We begin by importing the basic packages and modules, such as pandas and numpy.

In [81]:
import pandas as pd
import numpy as np
from sklearn.preprocessing import LabelEncoder
import re
import spacy

Here, we read the given CSV file and remove any languages that we deemed to be incompatible with our AI language detector.

In [82]:
df = pd.read_csv("Language Detection.csv")

In [83]:
language_list = ['English', 'French', 'Italian', 'Spanish', 'Portugeese', "Greek", "Russian", "Danish", "Sweedish", "Dutch", "German"]
df = df.loc[df['Language'].isin(language_list)]

***Data Wrangling***

We use *LabelEncoder()* from *sklearn* to assign each language with a numerical value.

In [84]:
x = df['Text']
y = df['Language']
le = LabelEncoder()
y=le.fit_transform(y)

We then used the *re* package to filter out any characters that wouldn't contribute to the AI detection, such as numbers, brackets, and special characters.

In [85]:
data = []

def removeNonsense(text):
  text = re.sub(r'[0-9]', '', text)
  text = re.sub(r'[\[\]]', '', text)
  text = re.sub(r'[\n]', '', text)

  text = text.lower()
  return text

df["Text"] = df["Text"].apply(removeNonsense)
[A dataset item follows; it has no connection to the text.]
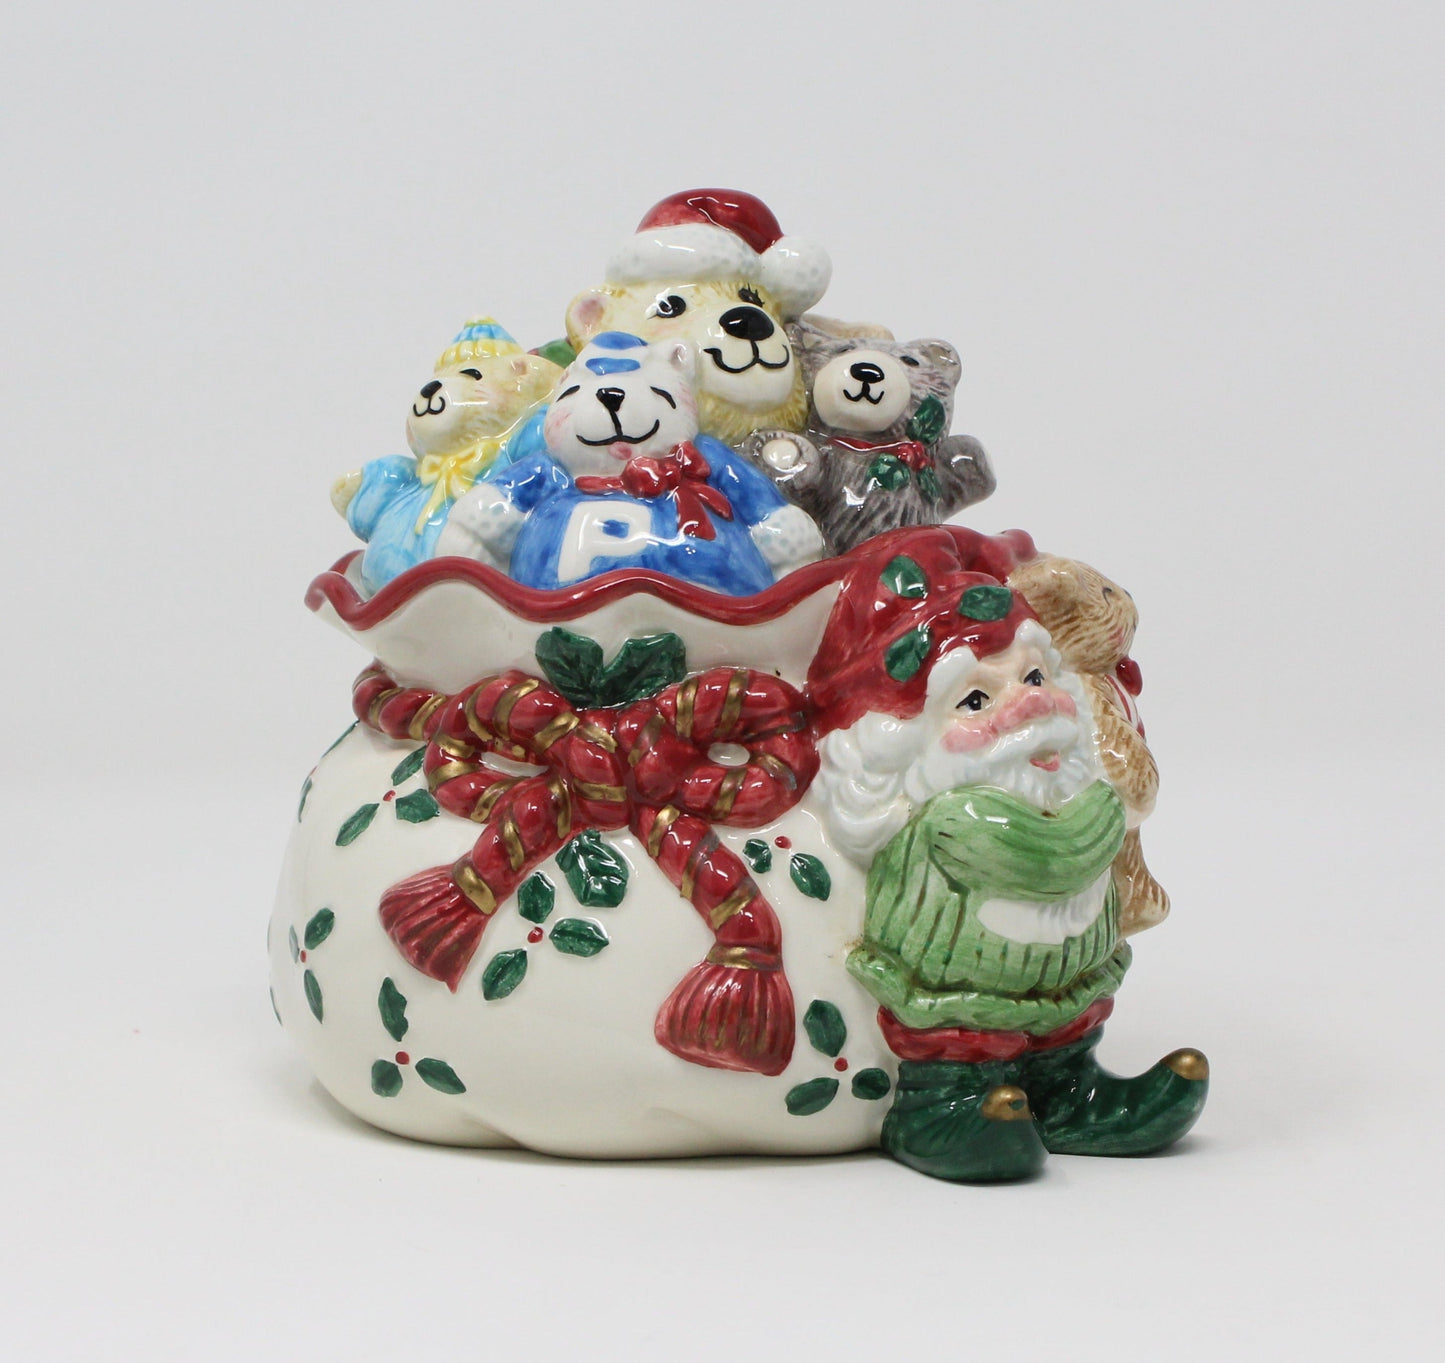 Trinket Box, Fitz and Floyd, Holiday Elf Collection, Porcelain, 2003

Here, we downloaded the necessary packages from the spaCy module, that provides us with information about each language, such as the stopwords, lemmatization, and punctuation.

In [None]:

!python -m spacy download en_core_web_sm
!python -m spacy download fr_core_news_sm
!python -m spacy download it_core_news_sm
!python -m spacy download pt_core_news_sm
!python -m spacy download es_core_news_sm
!python -m spacy download el_core_news_sm
!python -m spacy download ru_core_news_sm
!python -m spacy download da_core_news_sm
!python -m spacy download sv_core_news_sm
!python -m spacy download nl_core_news_sm
!python -m spacy download de_core_news_sm

***Text Pre-processing***

Using the spaCy modules, we removed any punctuation and stopwords ("the", "a"), as well as lemmatized ("is" -> "be", "going" -> "go") each word.

After that process was complete, we updated the dataframe with the filtered values.

In [88]:
nlp_en = spacy.load("en_core_web_sm")
nlp_fr = spacy.load("fr_core_news_sm")
nlp_it = spacy.load("it_core_news_sm")
nlp_pr = spacy.load("pt_core_news_sm")
nlp_sp = spacy.load("es_core_news_sm")
nlp_el = spacy.load("el_core_news_sm")
nlp_ru = spacy.load("ru_core_news_sm")
nlp_da = spacy.load("da_core_news_sm")
nlp_sv = spacy.load("sv_core_news_sm")
nlp_nl = spacy.load("nl_core_news_sm")
nlp_de = spacy.load("de_core_news_sm")

lang_dict = {
    "English": nlp_en,
    "French": nlp_fr,
    "Italian": nlp_it,
    "Portugeese": nlp_pr,
    "Spanish": nlp_sp,
    "Greek": nlp_el,
    "Russian": nlp_ru,
    "Danish": nlp_da,
    "Sweedish": nlp_sv,
    "Dutch": nlp_nl,
    "German": nlp_de
    }

def removeNonsense(doc):
  return [token.lemma_ for token in doc if (not token.is_stop) and (not token.is_punct)]

for row in df.iterrows():
  doc = lang_dict[row[1][1]](row[1][0]) 

***Text Representation, Text -> Vector***

Next, we used *sklearn* to import *CountVectorizer* which converts individual words into a vector counterpart.

In [89]:
from sklearn.feature_extraction.text import CountVectorizer

count_vectorizer = CountVectorizer()
vect_list = count_vectorizer.fit_transform(df['Text']).toarray()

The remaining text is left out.